The company comes courtesy of the local chef Brendon Hudsonwhose Great grand-parents, Enrico and Maria “Miss Mary” Velleggia, founded Velleggia’s, originally called Enrico’s Tavern, in 1937 after emigrating from Italy.
Hudson grew up helping out in the restaurant when his grandfather owned it, starting as a host when he was just 8 years old. “Of course, I would put everyone at the wrong table. No one could get angry because I was the owner’s grandson. This helped inspire her passion for hospitality and her decision to attend the culinary school of the famous Culinary Institute of America.

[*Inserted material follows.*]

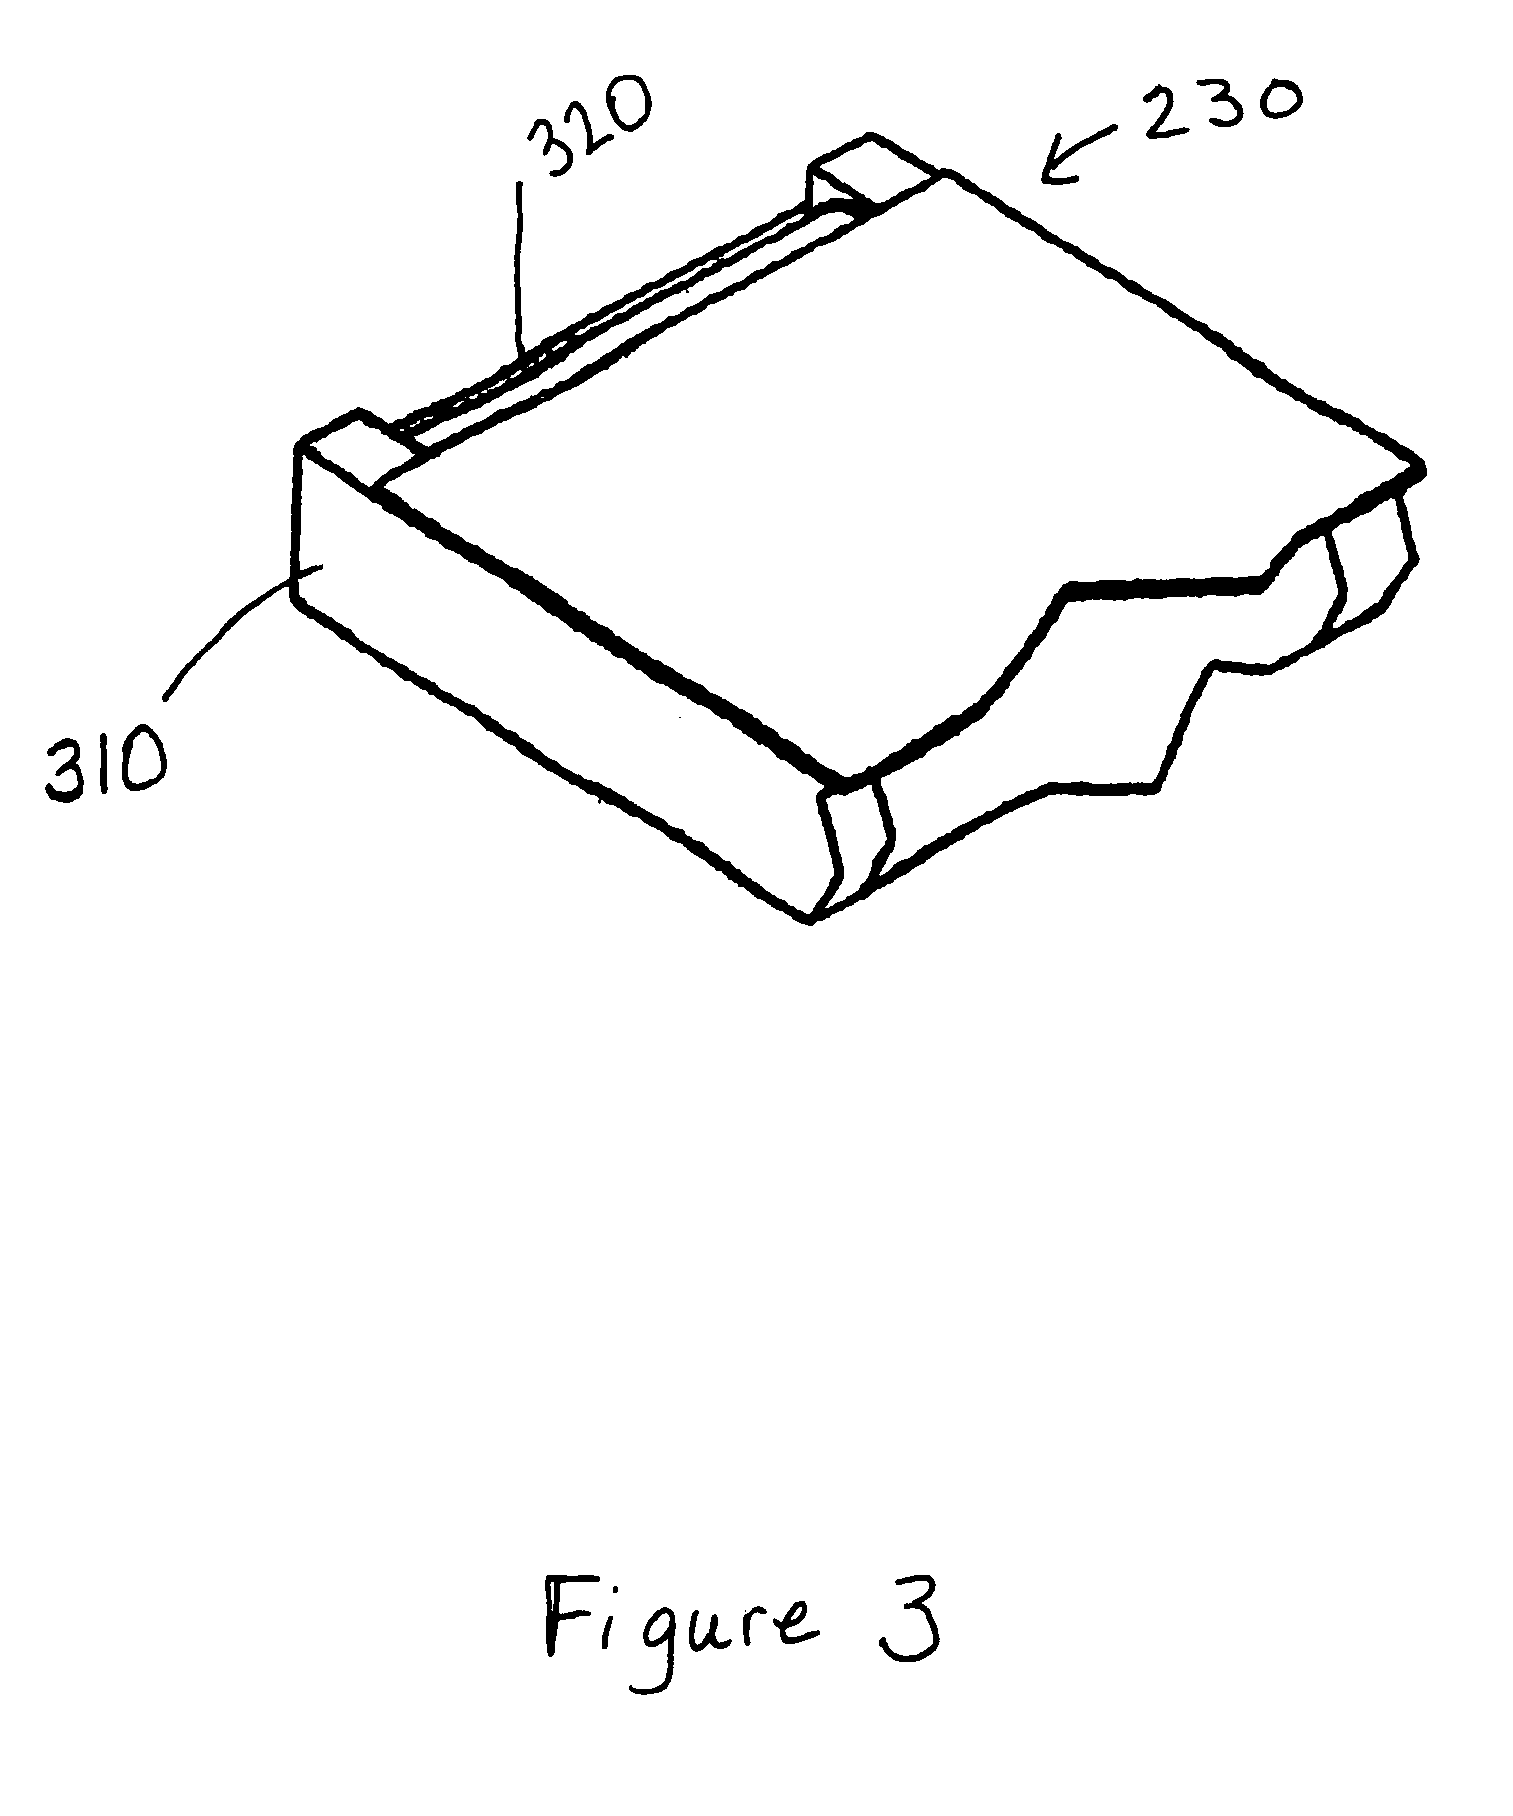 Method for curing high internal phase emulsions

With his companion, David MonteagudoHudson also runs the Mt. Vernon Cafe Allora and Luxury caterer Liliahna. But Hudson said Velleggia’s was “on our list of concepts to open.”
Market representatives first approached him at the end of 2021 with the idea of duplicating Allora at Cross Street. Given that Allora had only opened its doors a few months prior, Hudson didn’t think the time was right. But, “They were persistent, they definitely wanted us there somehow.” During a meeting with Mirmiran, Hudson floated the idea of revamping Velleggia’s. His reaction, Hudson recalls: “We have to do it.”
To prepare, Hudson began dusting off old Velleggia menus from the 1960s as well as the restaurant’s old reservation book. Hudson plans to reach out to old regulars to invite them to the grand opening, hopefully in late summer or early fall. He even plans to keep a pasta dish on the menu which will be set at 1960s prices.